Bukan Salah Ibu

Hardy Zhu
Chapter #8

TINDAKAN BODOH

Malam pun tiba. Sarip telah tidur dari tadi. Ia kini ada di samping Idan, tidur tengkurap dengan beralaskan lantai yang dihalangi sarungnya. Ia terlihat sangat nyenyak. Berbeda dengan Idan yang masih belum terbiasa. Debu kapuk ini menghalangi napas Idan sehingga kadang membuatnya terbatuk. Kelambu yang dipasang untuk menghalau nyamuk malah menjadikan suhu semakin panas. Idan tidak bisa tidur. Pikirannya kini melayang. Kapan ia bisa pulang?

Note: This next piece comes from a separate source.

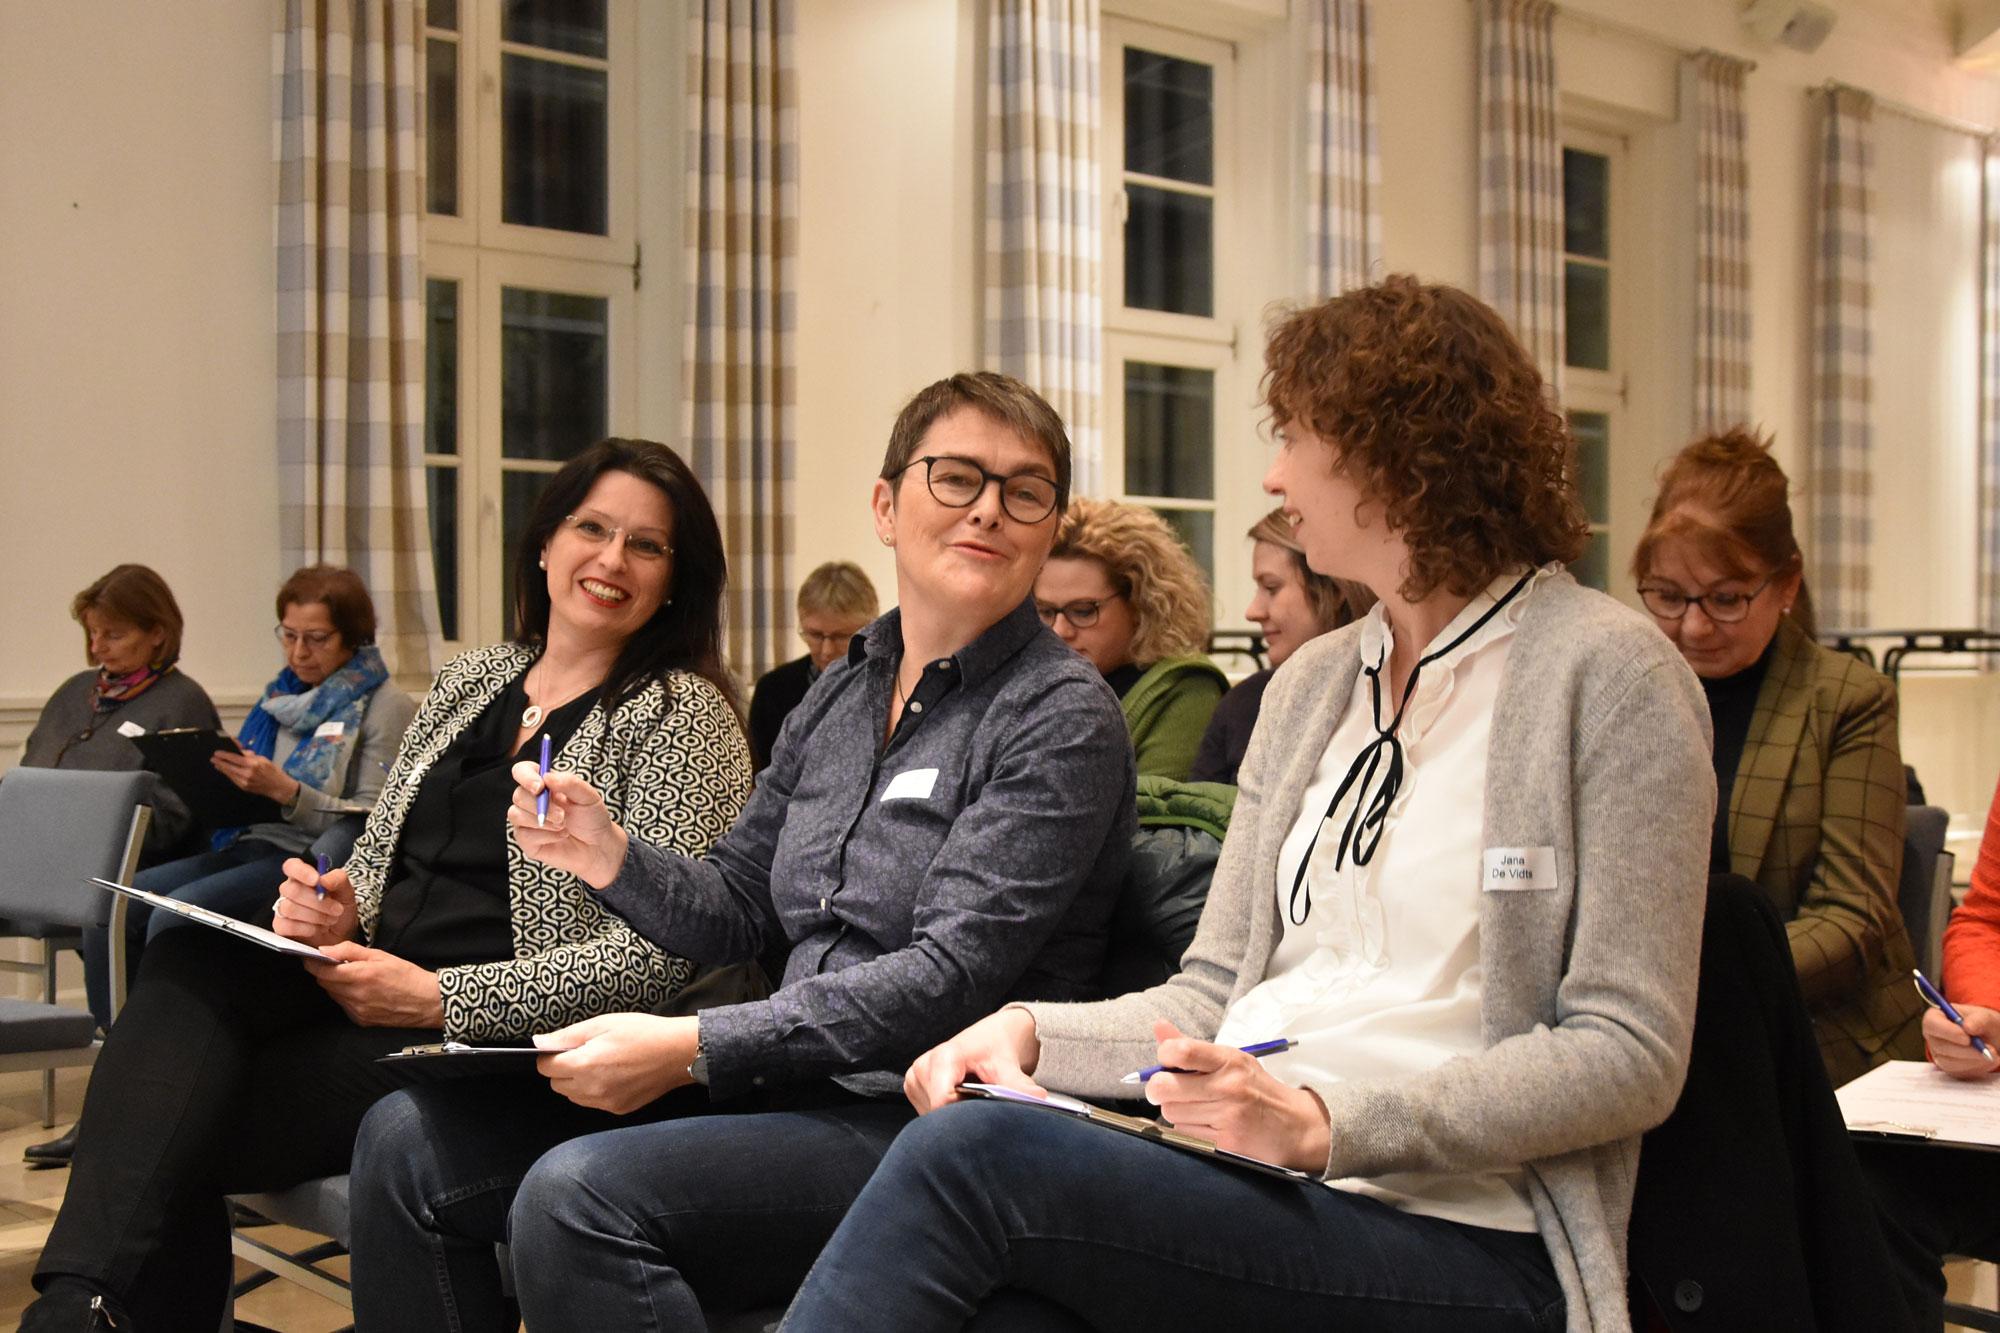 """Reger Austausch und viel Spaß: Bei der letzten Sitzung der Veranstaltungsreihe """"Mehr Frauen in die Politik"""" ließen die Teilnehmerinnen das Jahr Revue passieren. (Foto: Stadt Lippstadt)"""

Apa aku kualat ya sama orangtua jadi ditimpa nasib seperti ini? mau pulang tapi tidak bisa. Katanya membatin. Dompet hilang, hp hilang. Kalau tidak ada Sarip, mungkin dia sudah jadi anak jalanan sekarang. Bagus tidak diculik dan dijadikan pengemis. Lantas apa yang Idan lakukan sekarang? ia tidak mau menerima nasib begitu saja dengan menjadi pelayan warung nasi kuning, dan hidup di tempat seperti ini. Idan memang prihatin, tapi jika ingin ikut menikmati dalam waktu yang lama, ia lebih pilih mati suri.

Idan menghitung dalam kepala. Jika gajinya perhari adalah 30rb. Berapa lama ia harus menabung untuk bisa membeli tiket pulang? naik pesawat tidak mungkin, ktp Idan sudah lenyap! Jalur satu-satunya adalah melalui darat dengan bus. Pastinya lebih murah dan membutuhkan waktu yang lebih cepat untuk menabung. Tarif bus ke Makassar perkiraan Idan yang tertinggi adalah 300rb, jadi kalau semuanya lancar, Idan harus menabung sebanyak 10 hari baru bisa pulang.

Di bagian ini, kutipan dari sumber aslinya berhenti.